X robots header
One of the problems with Google being very greedy and trying to crawl and index almost every file type and URL they can find is that they also will end up trying to index PDFs or even binary formats like Word documents, Excel spreadsheets, etc.
The problem with these files is that you can’t implement meta tags and you can’t just go to HTML because there is no HTML. So, you can’t apply a noindex as you normally would.
The problem gets even bigger if you think not only about files but also about fragments like JSON objects or parts of AJAX calls or anything that is processable by Googlebot.
So, we need a way to tell Google and other search engines how to deal with non-HTML files; and that is why Google introduced the X-robots directives.
There are three types:
- The first one is an X-robot tag. The idea is that you can apply a noindex not only through a meta tag in HTML but also through a server header. If you have a file type that is non-HTML, but you don’t want to show it in the search results, you can do the same annotation with the same values and then apply it through your web server. The syntax depends on what type of web server you are using. If it is Apache you can, for example, do it in htaccess or if you are on NGINX you can do it in the server configuration.
- Another header that was introduced a bit later is called X-robots Rel-Canonical. What happens if, say, you have a PDF which is a white paper and you have the same version in HTML on your website? A PDF can be linked stronger externally. This makes it very likely that Google will show the PDF in the search results. From the user perspective, it is not the best user experience as they have to download the full PDF and wait for it. It would be better for that person to end up on a proper website with full navigation. You can use an X-robot rel-canonical header; you can set a canonical tag for this specific PDF on the server level using the header and not an HTML tag and then point from the PDF towards the HTML version. Even if the PDF is more relevant or stronger linked, in the search results Google will rank the HTML version.
- It should also be mentioned, that hreflang – which we will cover in the international chapter in more detail, can be applied using server headers as well.
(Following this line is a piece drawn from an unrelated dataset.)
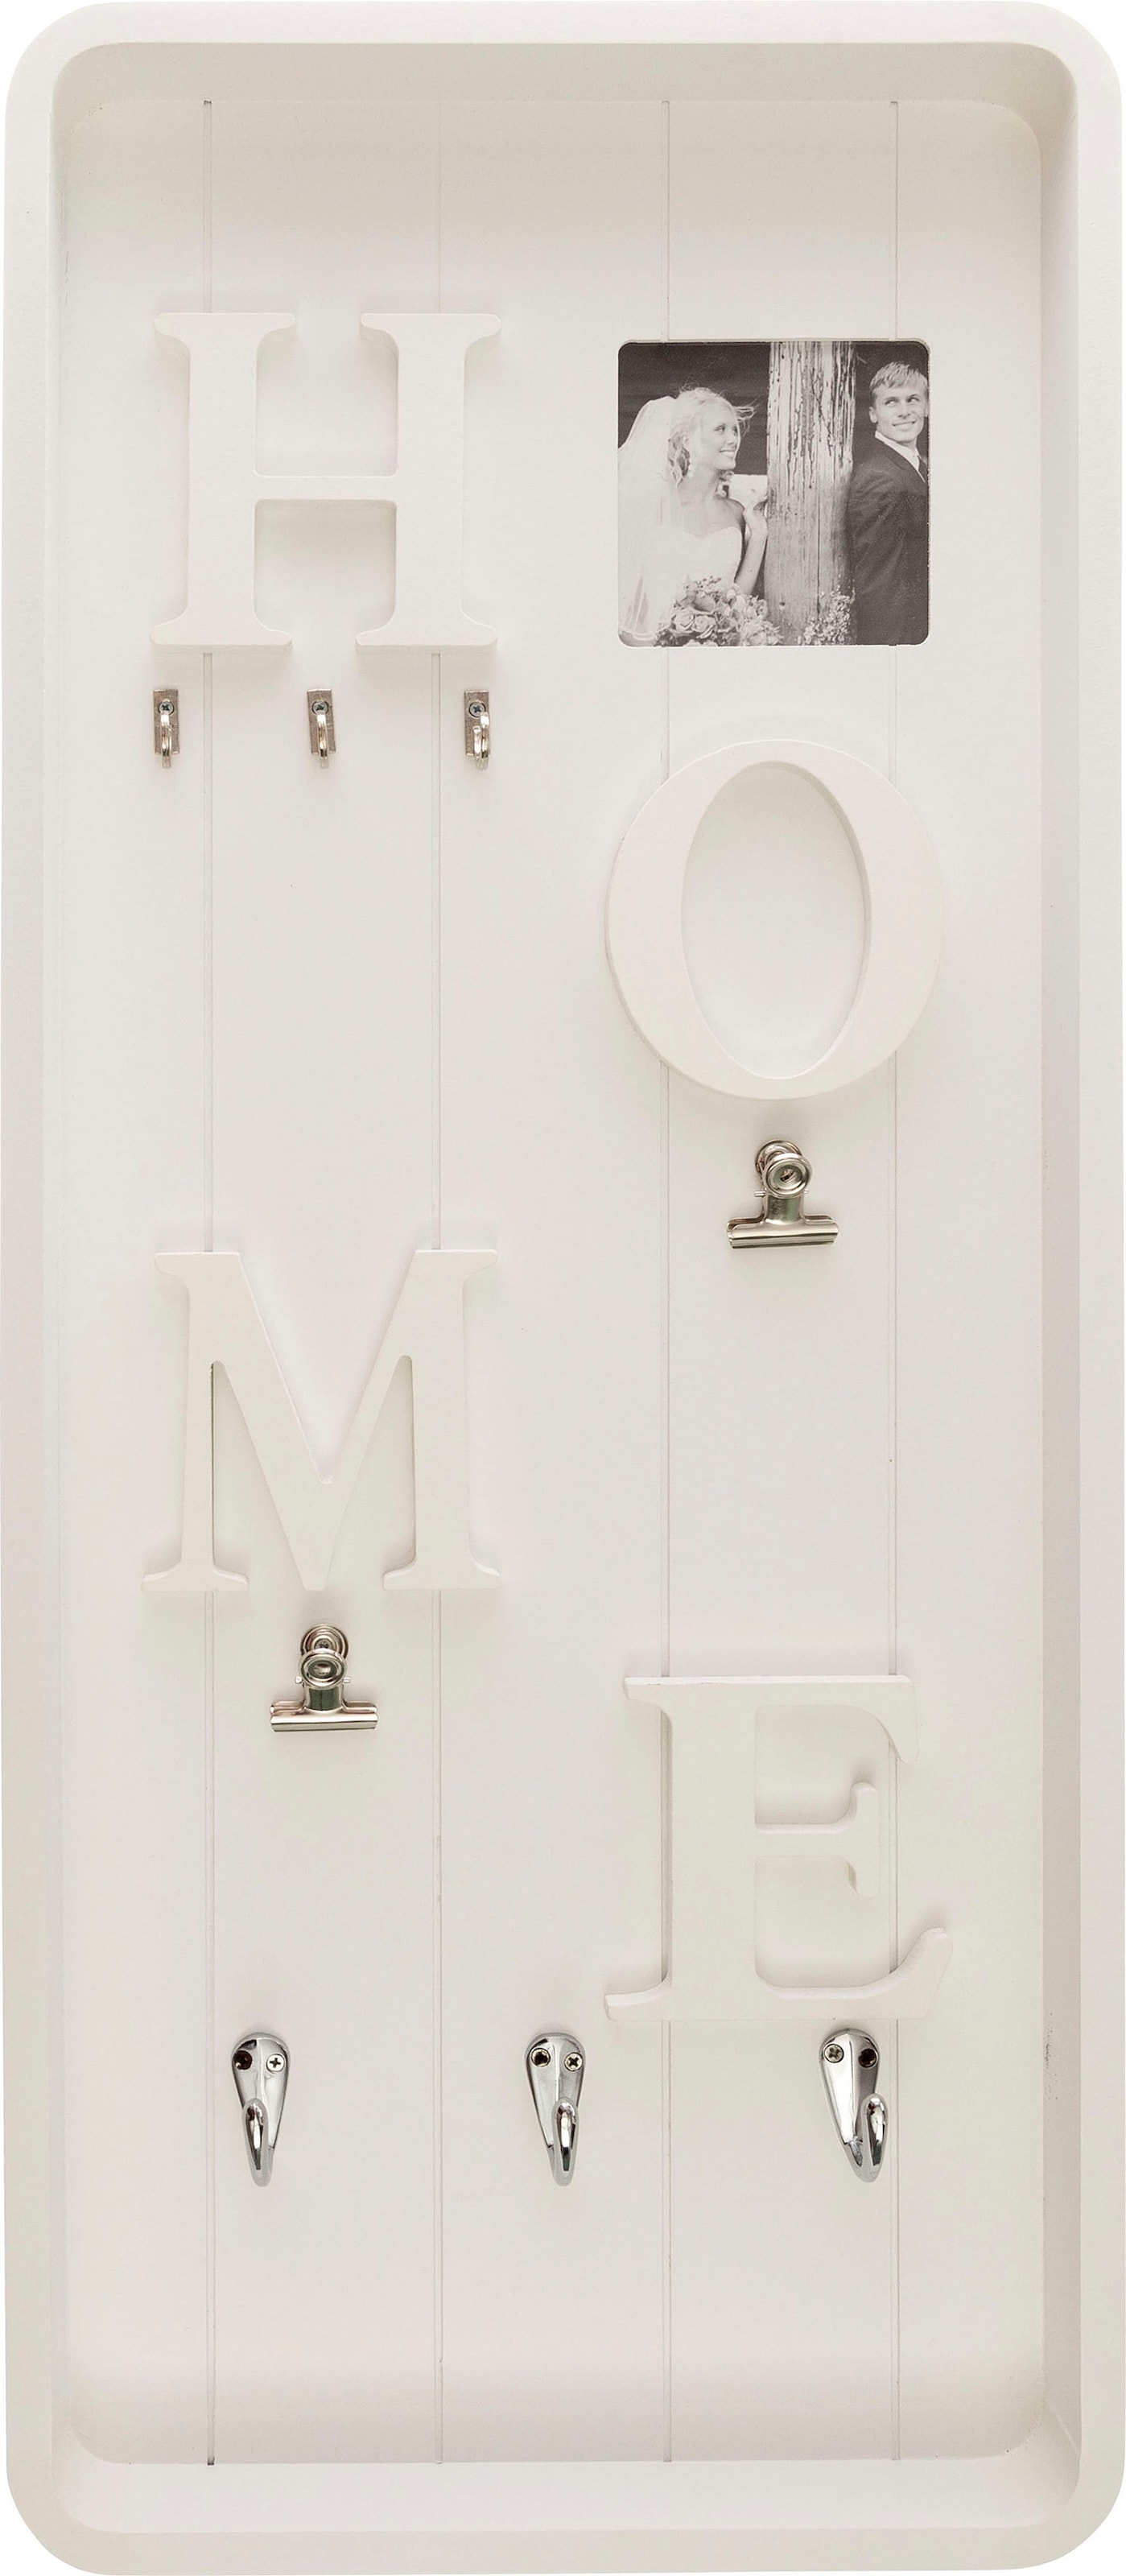 Myflair Möbel & Accessoires Memoboard »Valerina, weiß«, Schlüsselbrett, mit Klemmen & Haken, mit Schriftzug

Generally, X-robots directives are meant for everything that is not HTML. However, if you don’t want to, you don’t have to use HTML annotations at all. You can control everything on the server level. Keep in mind, that some of the crawling tools are still not really capable of showing directives in server header headers – so there might be issues with those. But from a Google perspective, it doesn’t matter if you use HTML or server-side.